Krik? Krak!
- First edition (publ. Soho Press)
- Author: Edwidge Danticat
- Language: English
- Genre: Historical fiction
- Publisher: Soho Press
- Publication date: April 10, 1995
- Publication place: United States of America
- Pages: 224
- ISBN: 0-679-76657-X

= Krik? Krak! =

Short story collection by Haitian-American Edwidge Danticat

Krik? Krak! (1995) is a historical and postcolonial short story collection by Haitian-American writer Edwidge Danticat, consisting of nine short stories plus an epilogue. The collection is written mostly from the perspective of different female narrators living in Haiti and in New York City. The book follows these characters as they deal with the loss, separation and trauma resulting from Haiti's colonial history, the mass killings of Haitians during the Parsley Massacre in 1937 and the oppression of the Duvalier regime. The epilogue ties the stories together through the narrator's reflections that every Haitian woman's story is connected and is carried on by new generations. The book was finalist for the National Book Award for fiction in 1995.

== Title of the book ==
The title of the book is a Haitian Creole term referring to the Haitian tradition of call and response storytelling inherited from their African ancestors. In the first short story, one person explains the tradition as "Someone says, Krik? You answer, Krak! And they say, I have many stories I could tell you, and then they go on and tell these stories to you, but mostly to themselves".

==Plot==
Krik? Krak! contains nine stories as well as an epilogue taking place in Port-au-prince and the fictional Ville Rose in Haiti, and in New York City.

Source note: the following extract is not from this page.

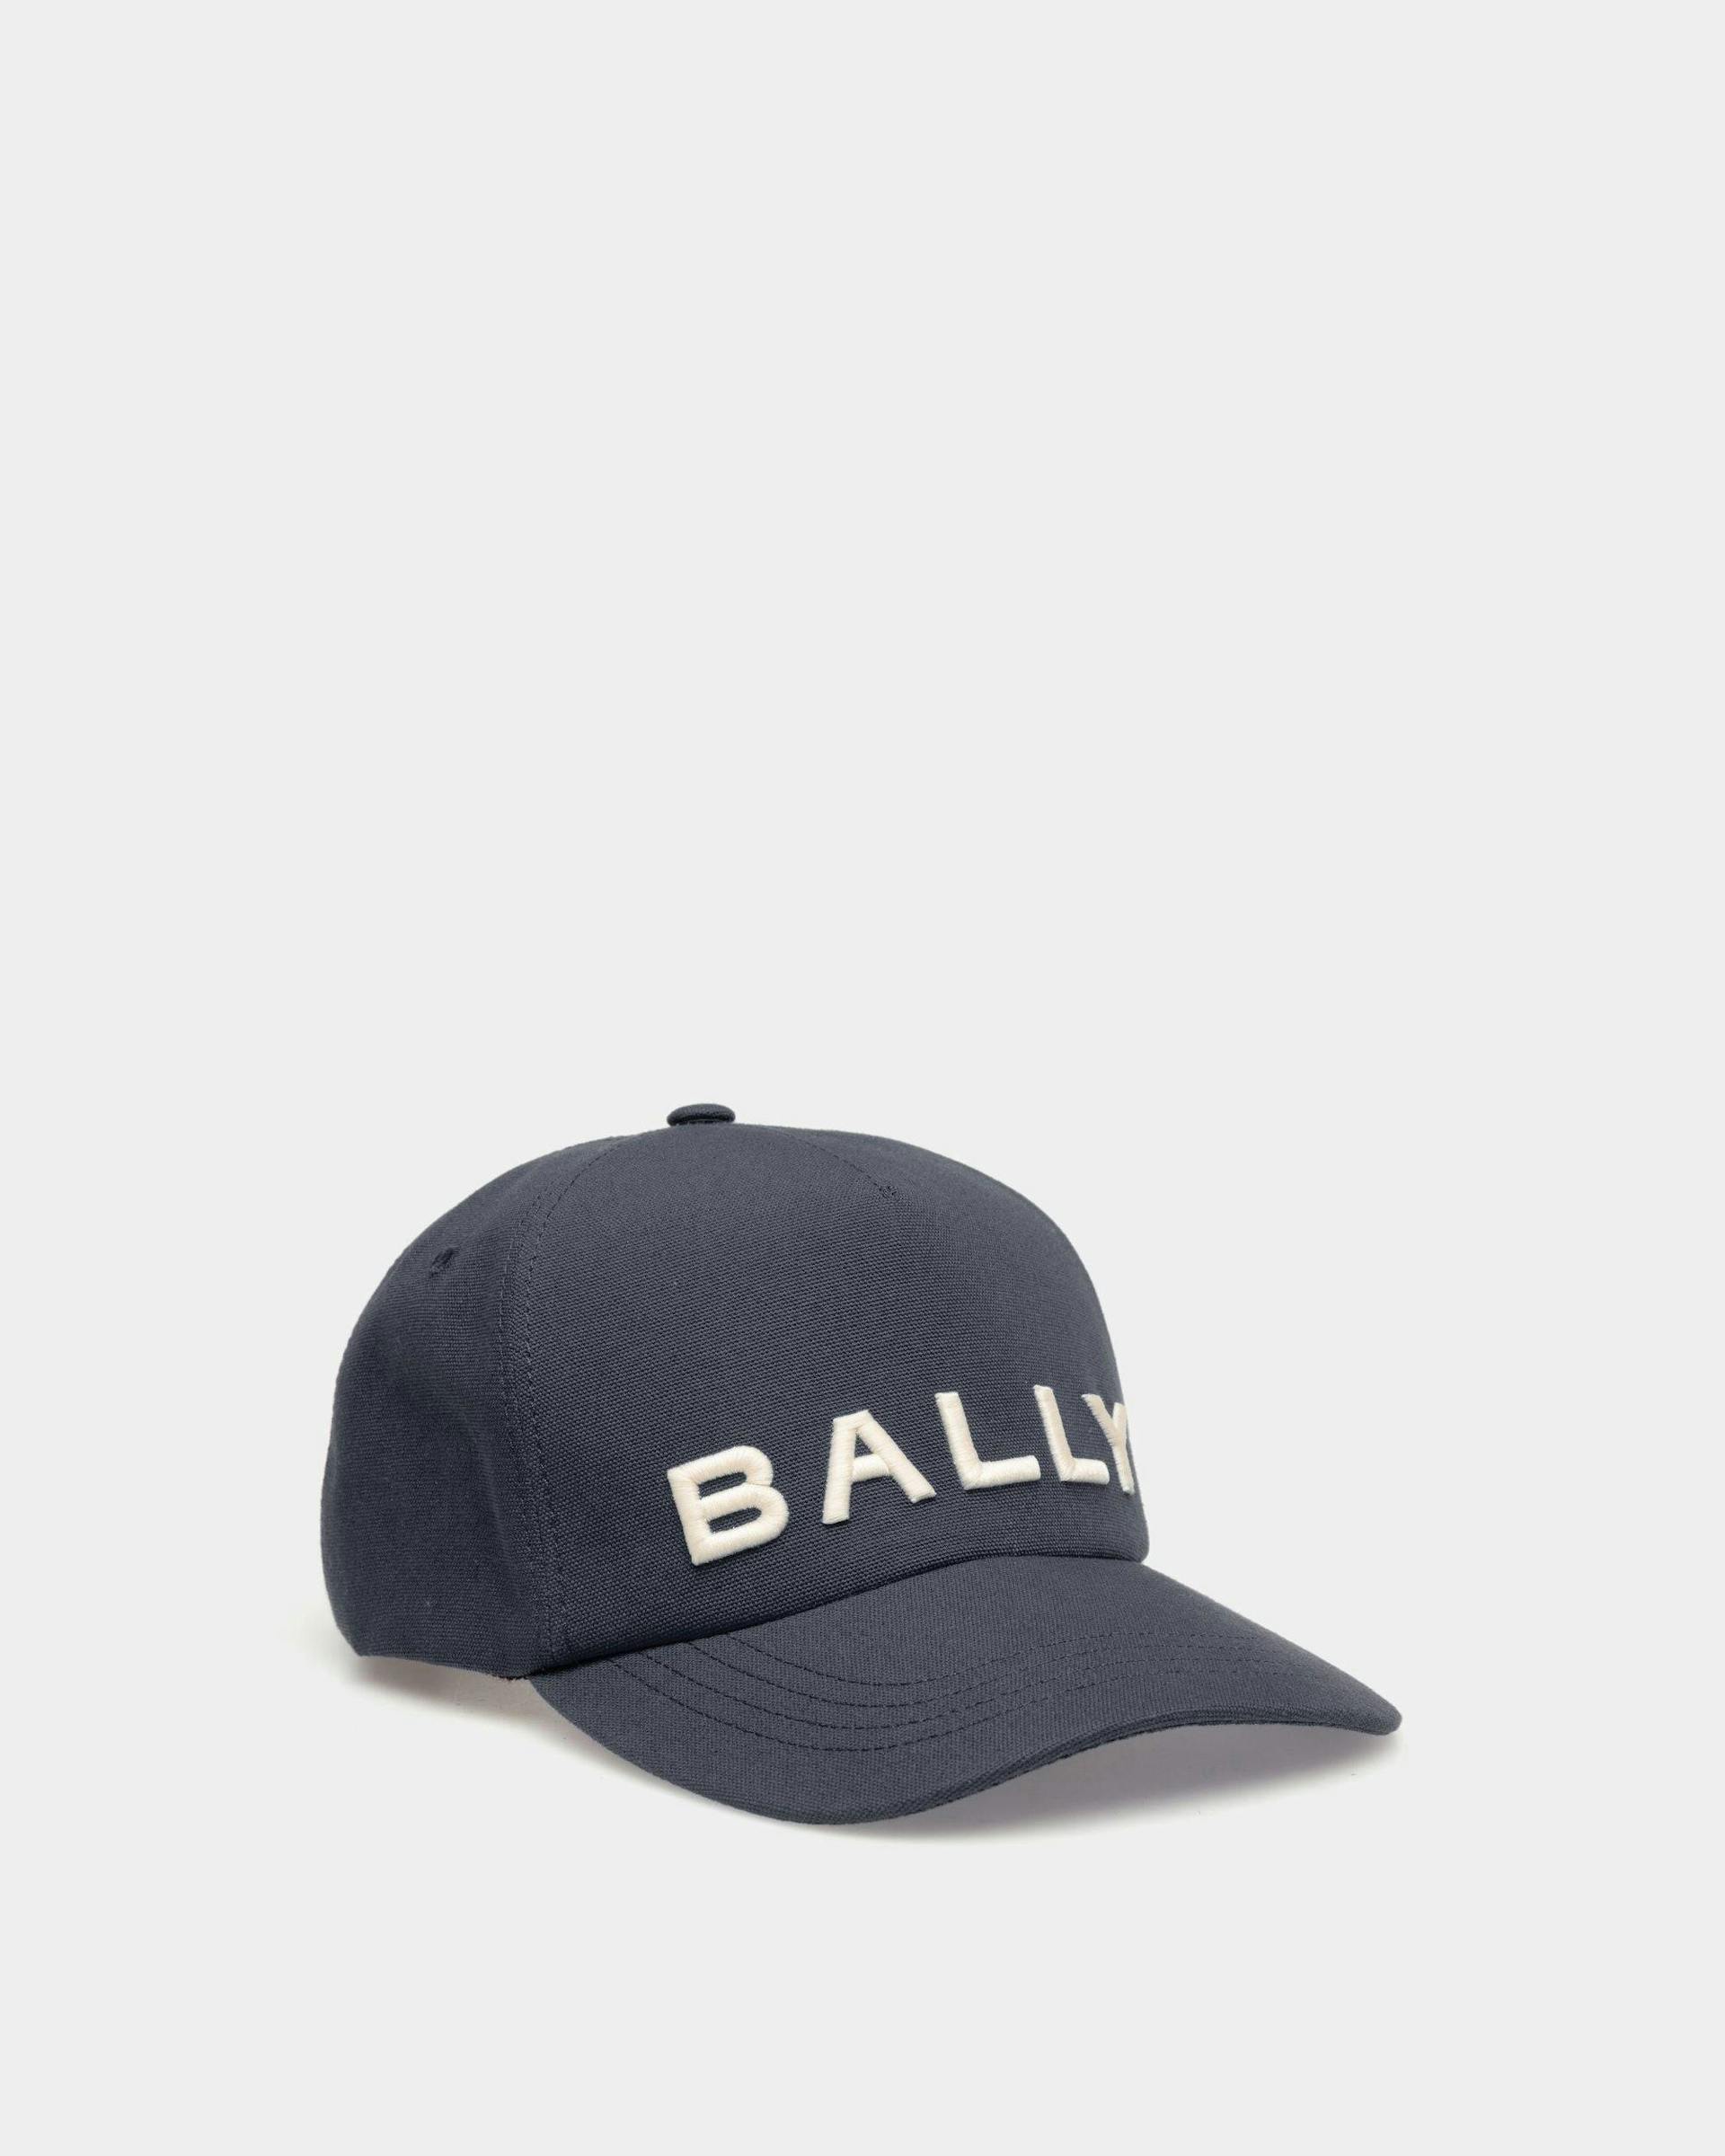 Baseballmütze mit Logostickerei Aus Baumwolle in Mitternachtsblau - Herren - Bally - 01

=== "Children of the Sea" ===
Two nameless narrators, a boy who is fleeing Haiti on a small, leaky boat, and a girl who stays, are in love and write each other letters in their journals that the other will never read. The female narrator discusses arguments with her family, particularly with her father who opposes their love. She later finds out he gave up all his possessions to protect her from the macoutes. The male narrator narrates his experiences on the boat where he gets to know a pregnant teenager, Célianne, who was raped by a macoute. Célianne gives birth on the boat, the baby dies, and days later she throws it and herself overboard. As the boat leaks more and more and the passengers have to throw their possessions overboard and the narrator knows he has to give up his journal soon. The female narrator explains that black butterflies represent death. When she sees a black butterfly, she realizes that the male narrator has died.

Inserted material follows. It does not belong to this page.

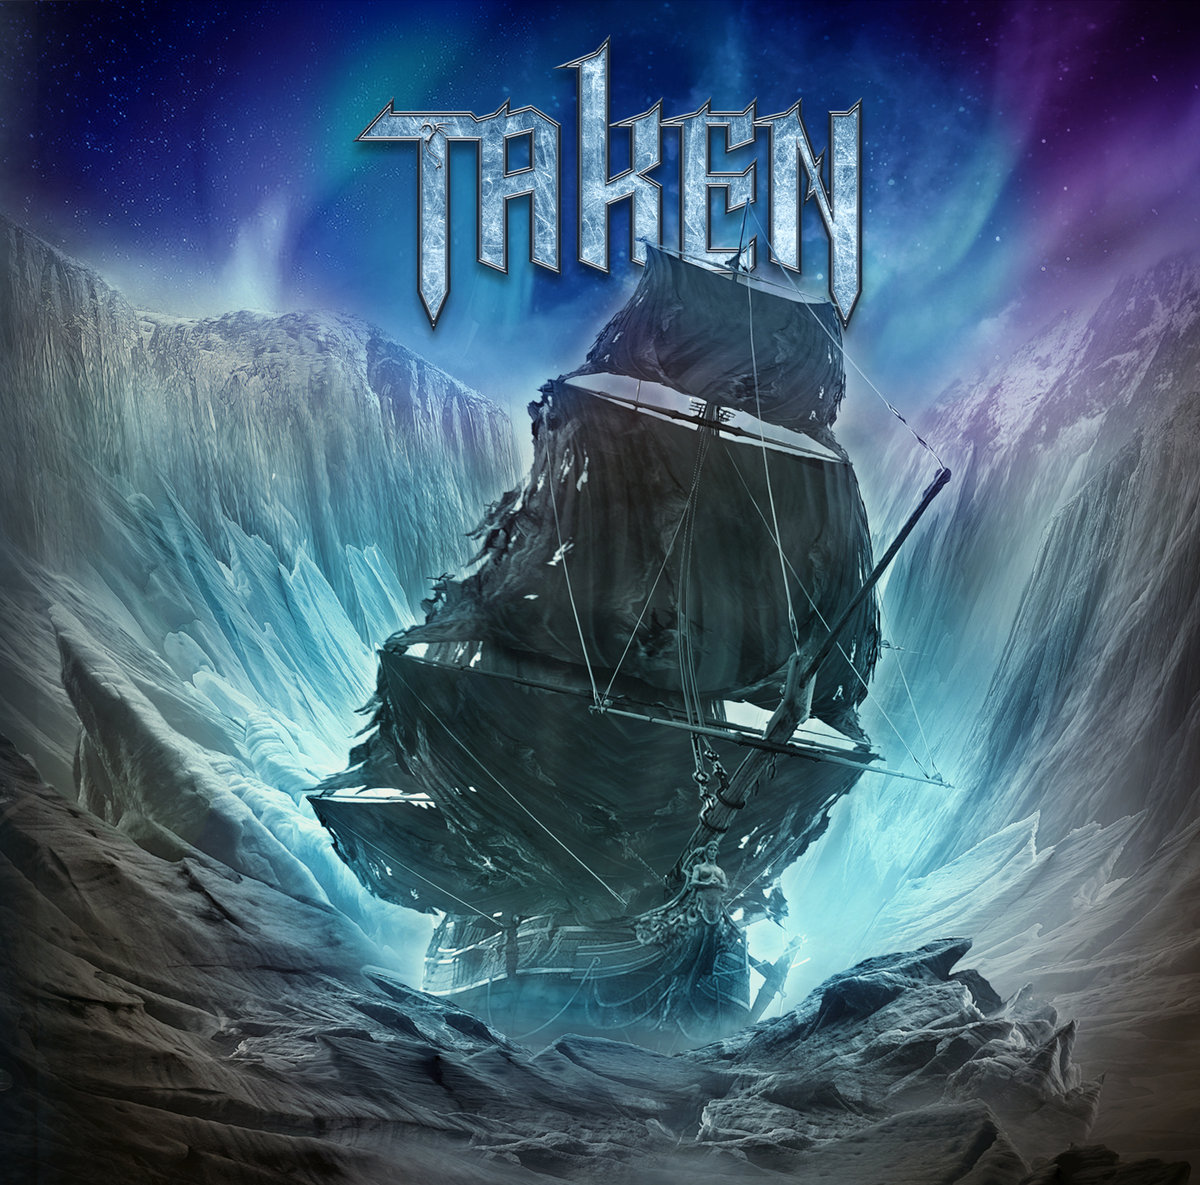 TAKEN - Taken cover 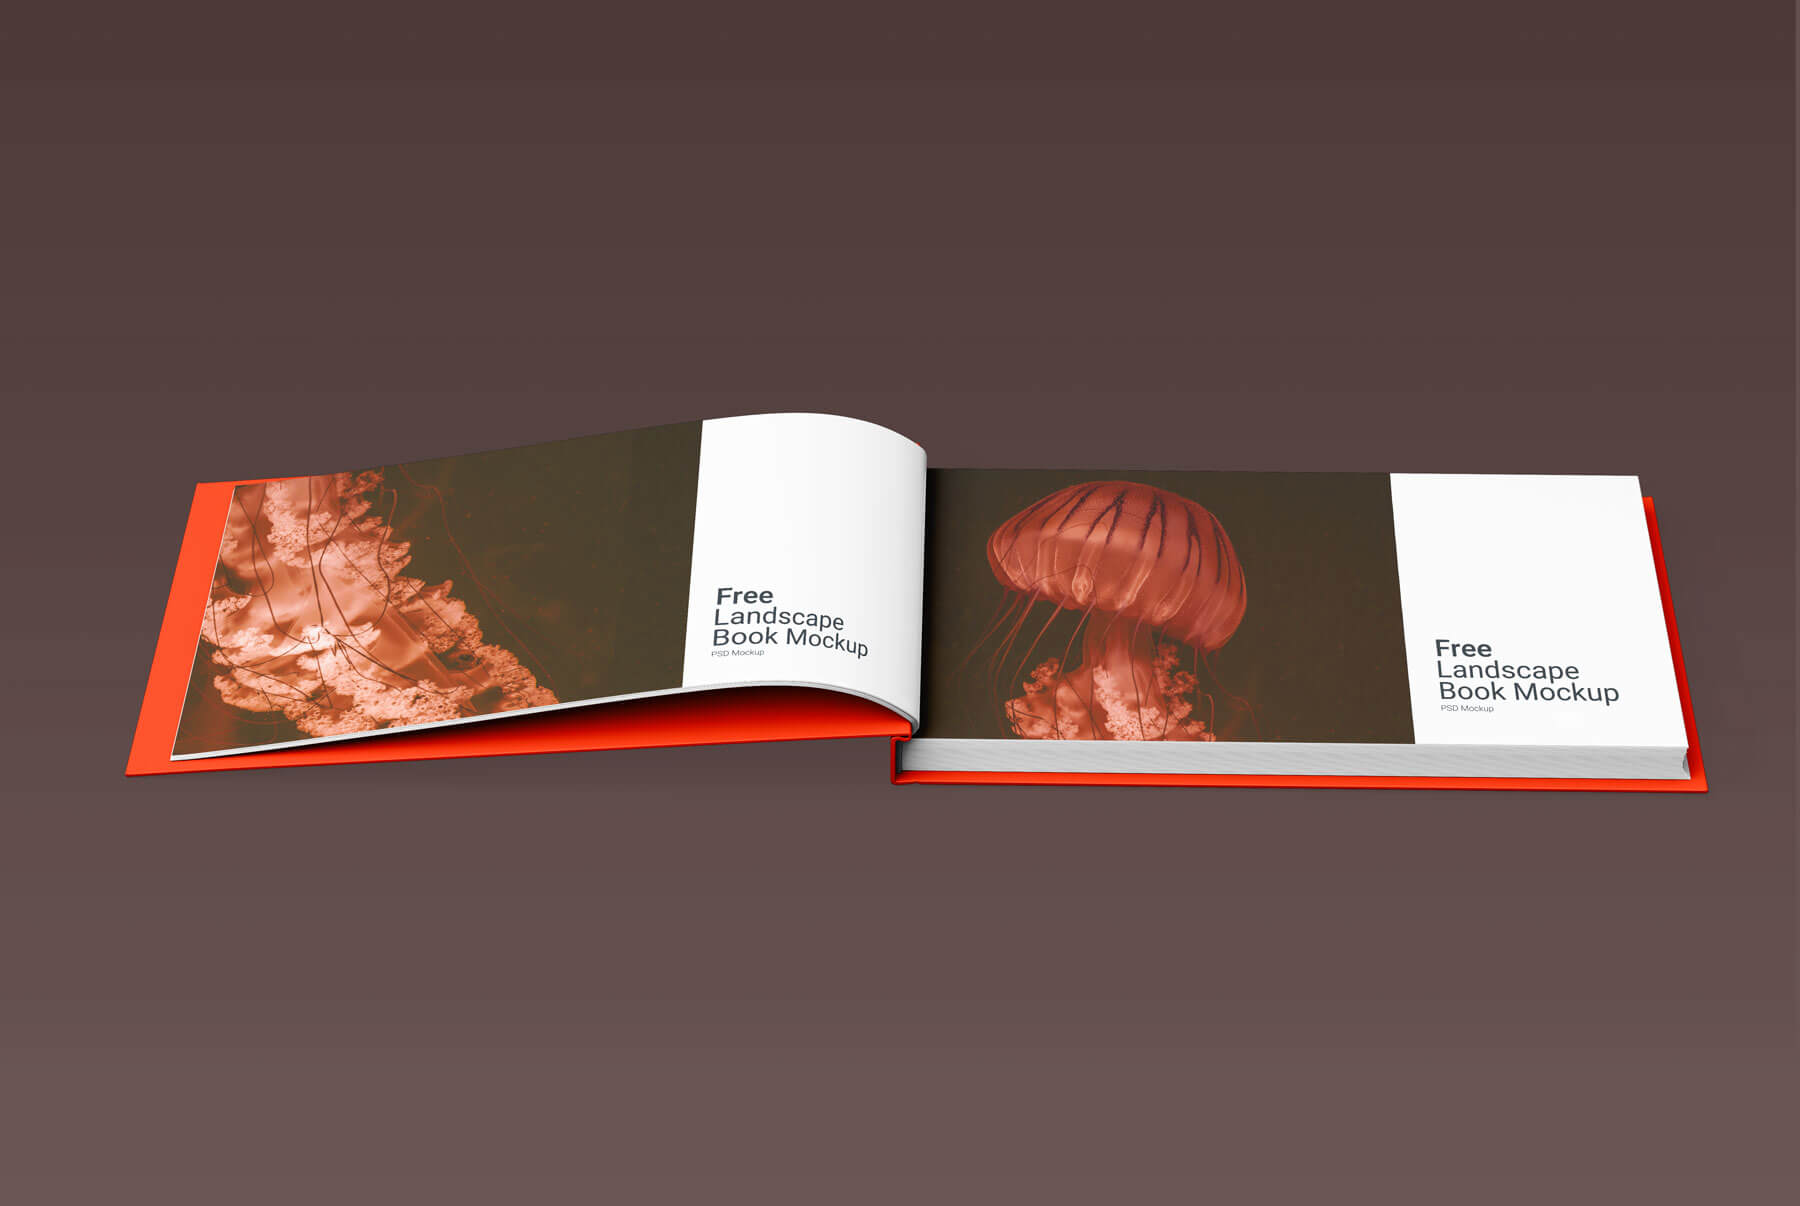 Open Landscape Book Mockups Free PSD Set

=== "Nineteen Thirty-Seven" ===
"Nineteen Thirty-Seven" is narrated by Josephine, born on the night of the Parsley Massacre. Hours before Josephine's birth, her mother swam across a blood-filled river to Haiti from the Dominican Republic, where Haitians were slaughtered, including Josephine's grandmother. Every year, Josephine and her mother performed rituals at the Massacre River. Over time Josephine feels repressed when she tries to speak to her mother. Their lack of communication means that Josephine does not understand the meaning of the rituals. Her mother is now imprisoned as a witch and Josephine goes to visit her. The mother is frail and never says anything, but Josephine brings a Virgin Mary statue that her mother makes cry using wax and oil. When Josephine's mother dies, Jacqueline, another ritual performer, takes Josephine to see her body burned, and Josephine reflects on her mother's history and pledges to continue the rituals honoring her mother's sacrifices.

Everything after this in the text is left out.